Deutsche Bank AG Recruiting Team

StudySmarter Expert Advice🤫

We think this is how you could land Quantitative Developer, Trading and Client Controls (TaCC)

Tip Number 1

Network like a pro! Reach out to folks in the industry, especially those at Deutsche Bank. A friendly chat can open doors and give you insights that a job description just can't.

Tip Number 2

Show off your skills! If you've got a portfolio of projects or models you've worked on, make sure to highlight them in conversations. It’s all about demonstrating what you can bring to the table.

Tip Number 3

Prepare for those tricky technical interviews! Brush up on your Python skills and be ready to discuss your experience with data integration and anomaly detection. Practice makes perfect!

Tip Number 4

Don’t forget to apply through our website! It’s the best way to ensure your application gets seen by the right people. Plus, it shows you're genuinely interested in joining the team.

We think you need these skills to ace Quantitative Developer, Trading and Client Controls (TaCC)

Python programming
Anaconda suite proficiency
Data integration
ETL/ELT processes
Data quality assurance
Anomaly detection
Machine learning

Some tips for your application 🫡

Tailor Your CV:Make sure your CV is tailored to the Quantitative Developer role. Highlight your experience with Python, data integration, and any relevant projects that showcase your skills in anomaly detection and model development.

Craft a Compelling Cover Letter:Your cover letter should tell us why you're the perfect fit for the TaCC team. Share specific examples of your past work that align with our goals, especially around fraud detection and stakeholder engagement.

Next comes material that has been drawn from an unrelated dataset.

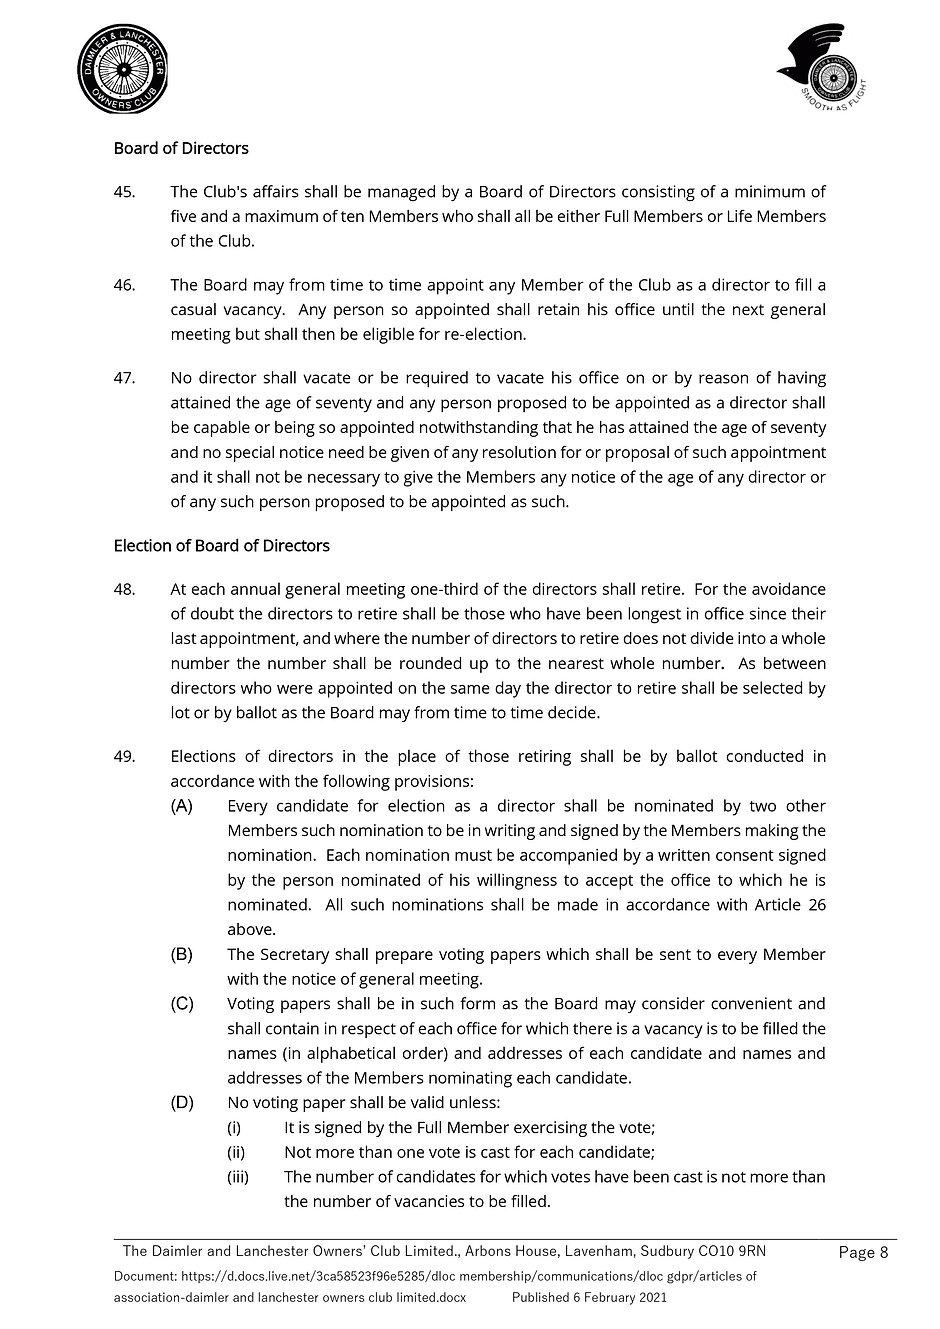 Articles of Association-Daimler and Lanc

Showcase Your Technical Skills:Don’t forget to emphasise your programming skills, particularly with Python and data science tools. We want to see how you’ve used these skills in real-world scenarios, so be specific about your contributions.

Apply Through Our Website:We encourage you to apply through our website for a smoother application process. It’s the best way for us to receive your application and ensure it gets the attention it deserves!

How to prepare for a job interview at Deutsche Bank AG

Know Your Models

Make sure you understand the core models and controls related to anomaly detection. Be prepared to discuss how you would drive model implementation from prototype to production, and share examples of your past experiences in model development.

Data Integration Mastery

Brush up on your ETL/ELT processes and be ready to explain how you've handled data integration with new source systems. Highlight any specific challenges you've faced and how you overcame them, as this will show your problem-solving skills.

Stakeholder Engagement

Demonstrate your excellent interpersonal skills by preparing to discuss how you've engaged with key stakeholders in previous roles. Think of examples where you translated complex needs into technical proposals, as this is crucial for the role.

Programming Proficiency

Since strong programming skills in Python/Anaconda are essential, be ready to showcase your expertise. You might even want to prepare a small coding example or discuss a project where you used libraries like Scikit-learn, Pandas, or NumPy effectively.